= Action item =
For this exercise, write out the whole listing below exactly, omitting its images.

= Information shown =
▽
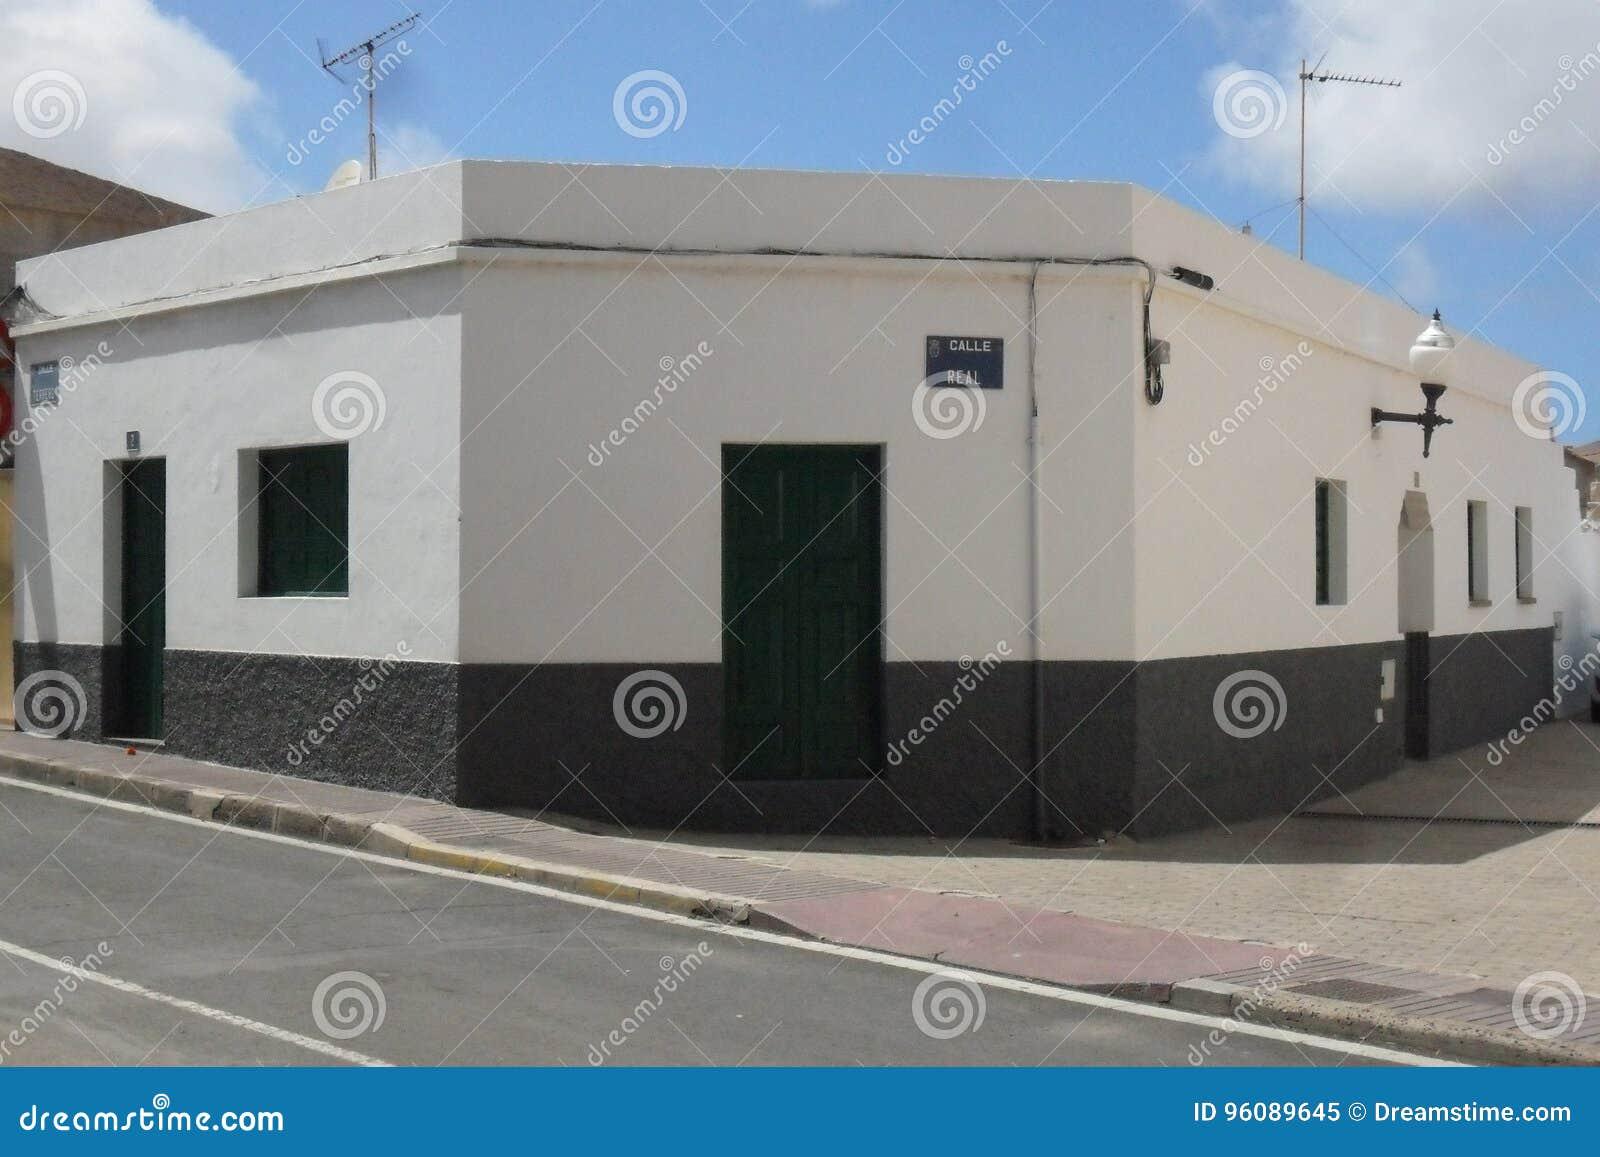 Ein typisches Haus in der Insel von Fuerteventura in den Kanarischen Inseln
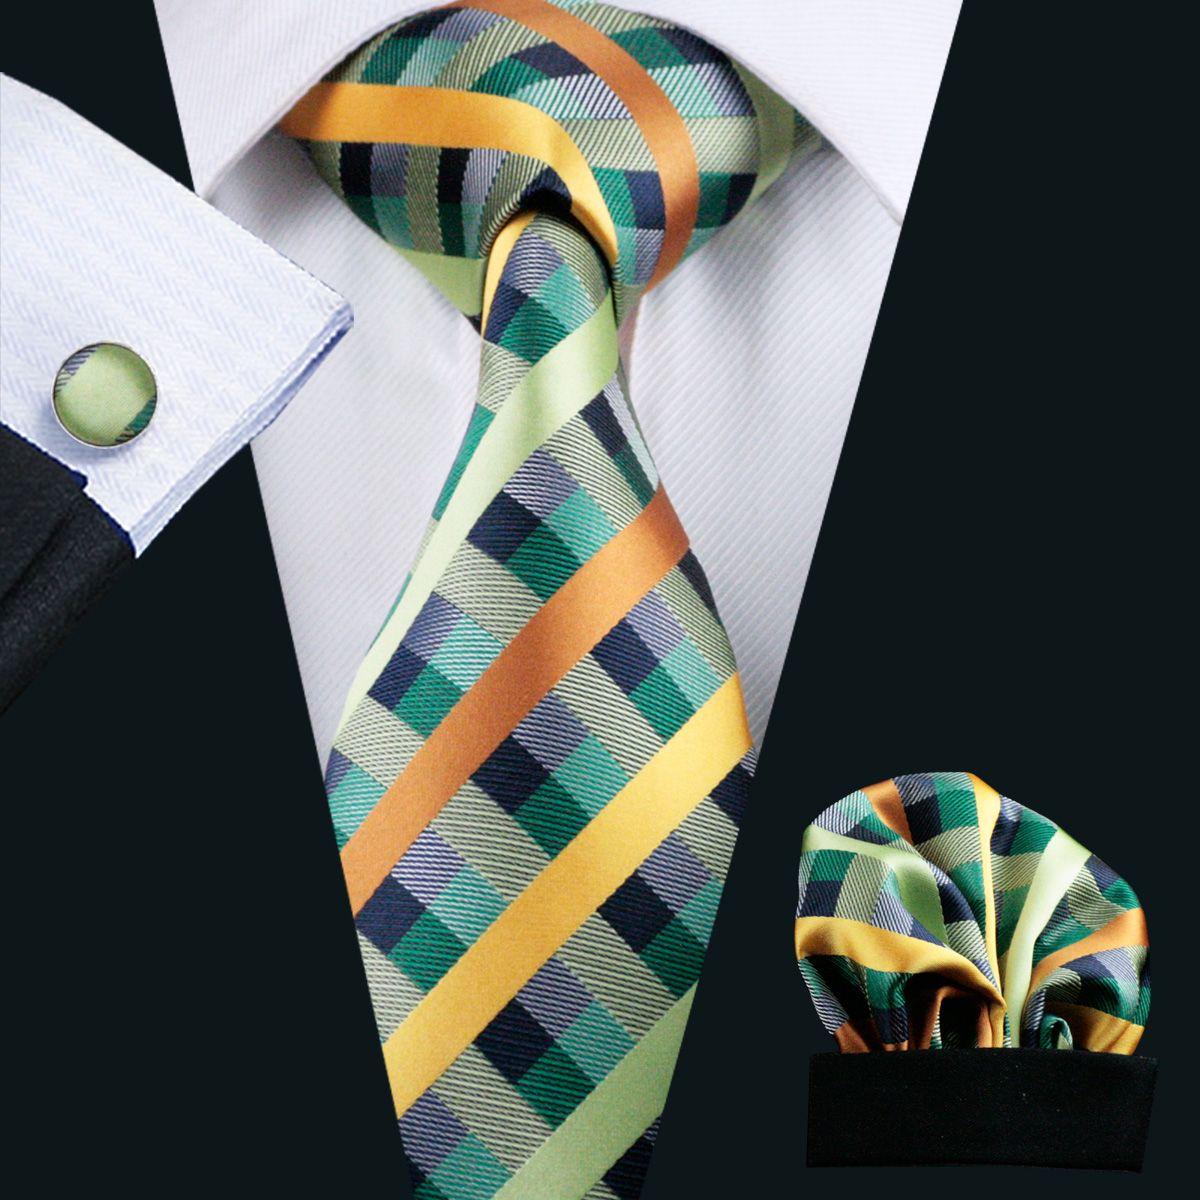 متعددة المشارب رجل الرقبة التعادل مجموعة التلبيب و منديل الأزياء الحرير الجاكار برقبة العلاقات ربطة العنق woben للرجال N-0218
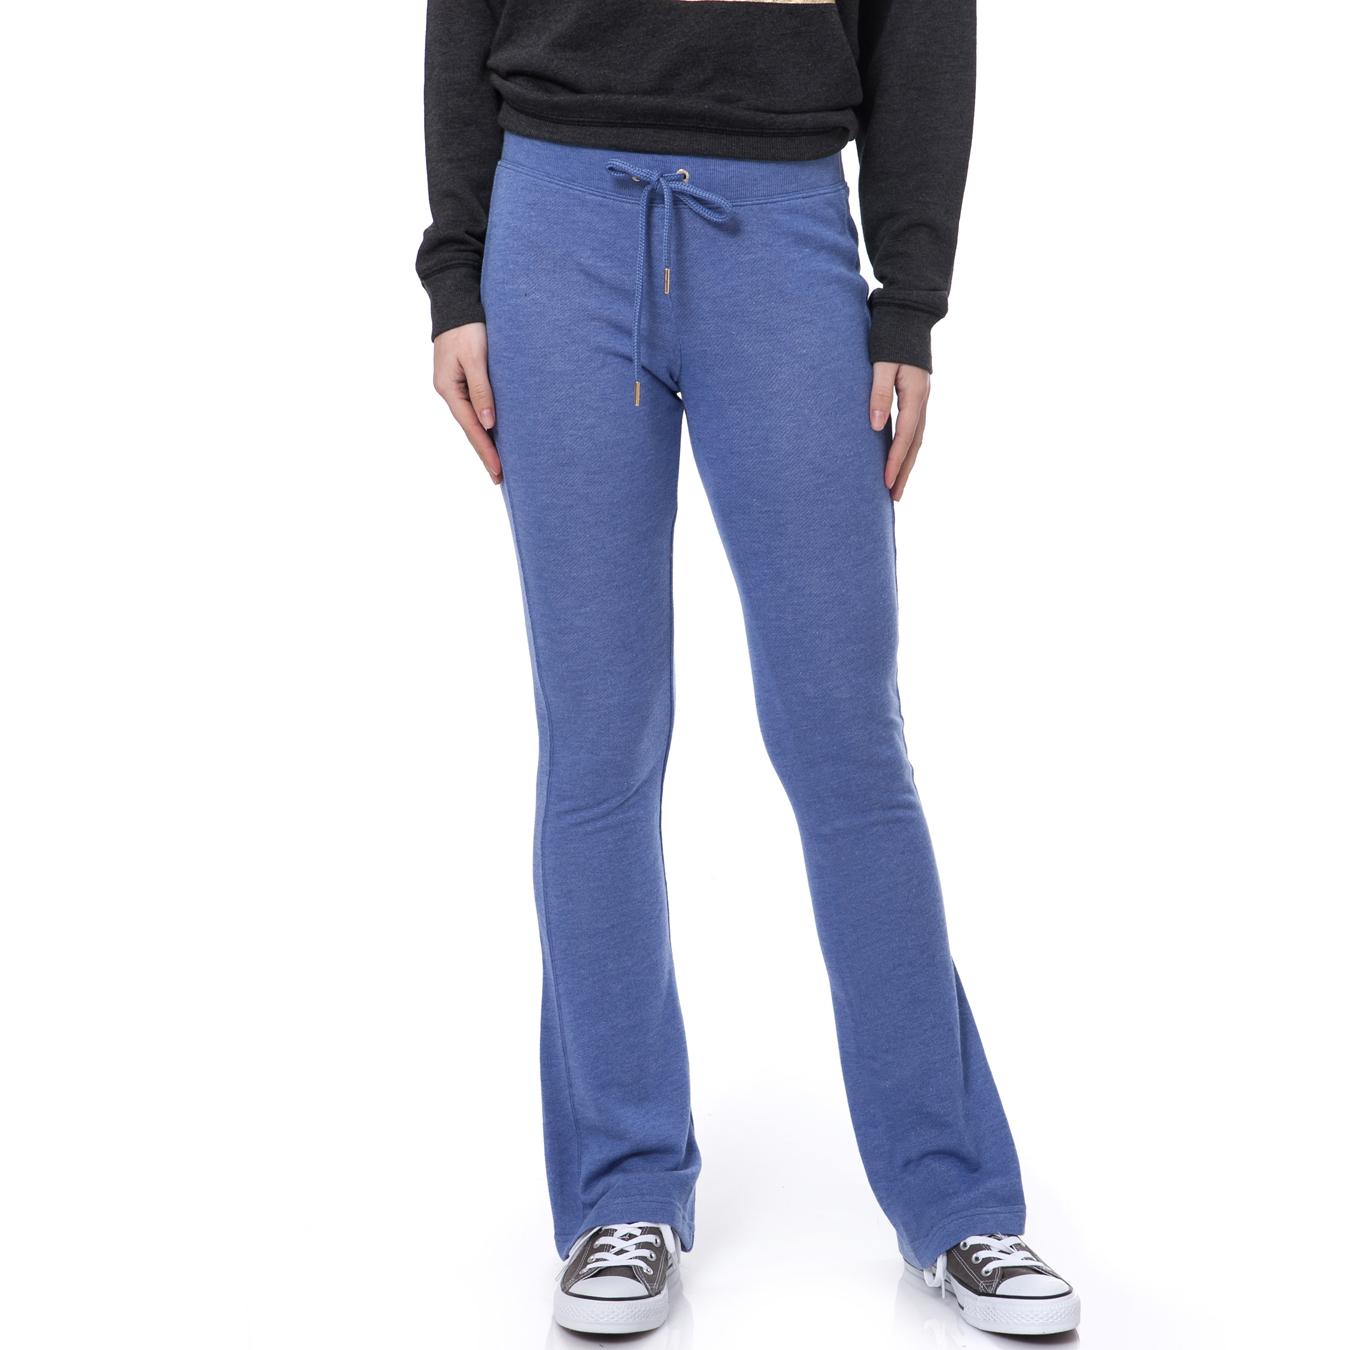 JUICY COUTURE - Γυναικείο παντελόνι Juicy Couture μπλε-μωβ γυναικεία ρούχα παντελόνια φόρμες
△
= Task output =
 Ein typisches Haus in der Insel von Fuerteventura in den Kanarischen Inseln
 متعددة المشارب رجل الرقبة التعادل مجموعة التلبيب و منديل الأزياء الحرير الجاكار برقبة العلاقات ربطة العنق woben للرجال N-0218
 JUICY COUTURE - Γυναικείο παντελόνι Juicy Couture μπλε-μωβ γυναικεία ρούχα παντελόνια φόρμες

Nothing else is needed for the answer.